I highly recommend a First Amendment and a Section 230, the first Amendment of the web that protects hosts regarding others speech so as to encourage and protect that speech (http://w2.eff.org/bloggers/lg/faq-230.php). America may not have much to export these days, but I suggest these two laws and ethic of speech should inform efforts to regulate and restrict speech.
Ofcom is already doing good work on media literacy to educate young people about veracity and risks. That is a far better investment of government effort.
Once everyone owns a press and a broadcast tower, government can’t regulate it all anymore. Thank god.
One word: Unworkable!
Sorry for this show of ignorance, but do you British folk purposely put the ignorant in positions to oversee areas they are most ignorant of? i.e., Vegetarians in control of meat production; A deaf person controlling the production of music, etc?
Because we do that here in America — see our current President, he of total ignorance of everything was placed in a position to run everything — but I was hoping that we were alone in our stupid ways of running things. Alas, I think I was mistaken… for you do it too.

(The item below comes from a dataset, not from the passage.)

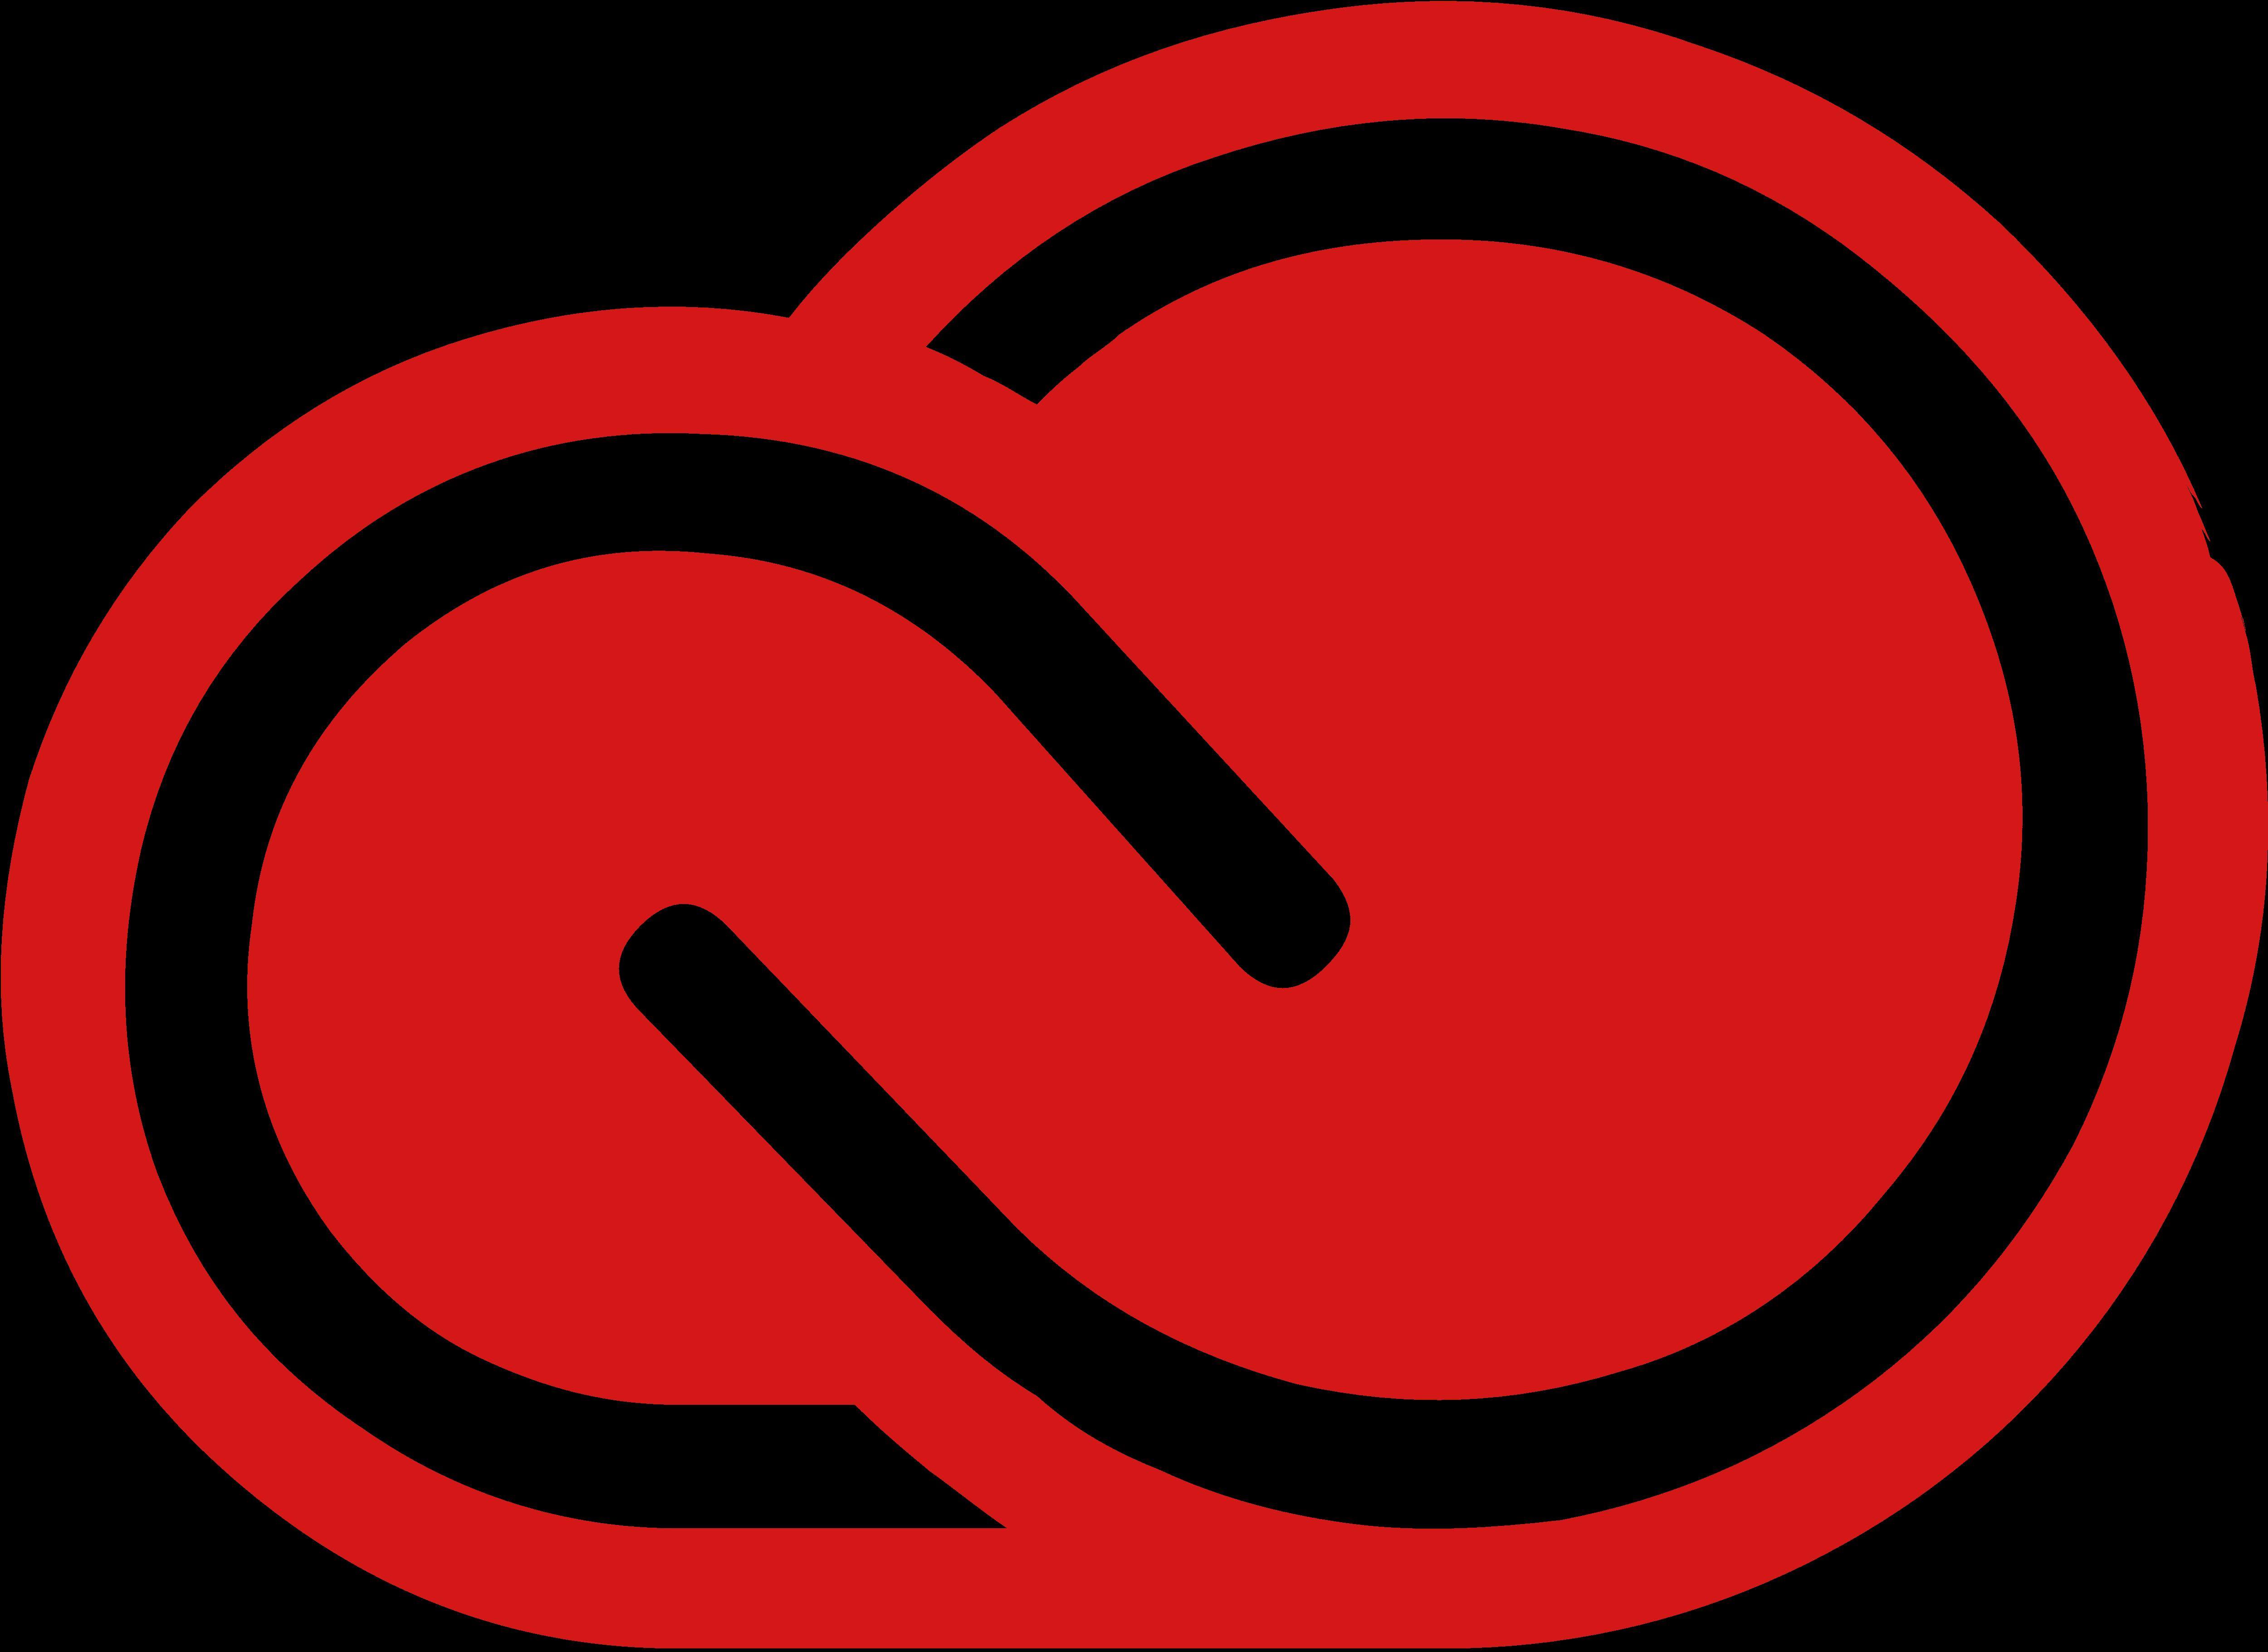 Adobe Creative Cloud – Logos Download - Adobe Creative Cloud Logo PNG
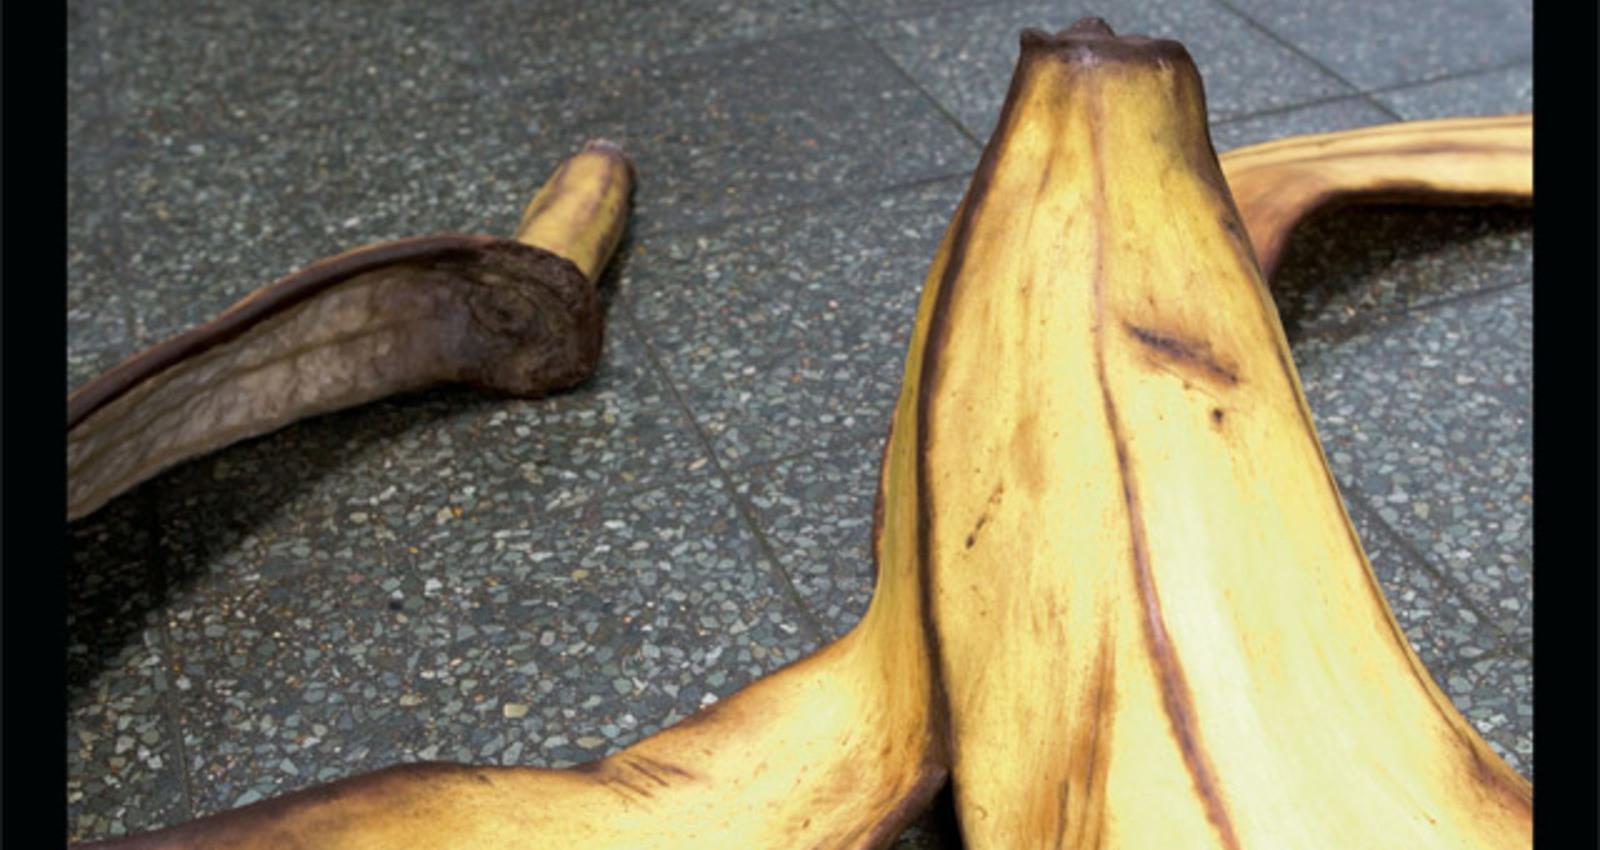 Huge Bananapeel

Because if Any Burnham thinks a movie-style ratings system will work on the internet… then he obviously has no place making policy that impacts the internet.
Read this. Learn this. Memorize this… The internet is worldwide and can’t be controlled, classified or edited by one single entity. Period.
Even the brilliant powers-that-be in China are learning this the hard way… for they’ve been running their great Internet firewall (to keep unapproved western internet sites out of China) for a few years now… and if there is one commonality to every version of their efforts… it is that anyone with a modicum of knowledge can bypass it.
Unless, or until, Andy Burnham learns this… his efforts will be the efforts of a failure.
If your intent is the keep children safe (and that looks to be his goal), then perhaps time would be better spent teaching parents to actually PARENT their children… then relying upon the rest of the world to do it for you.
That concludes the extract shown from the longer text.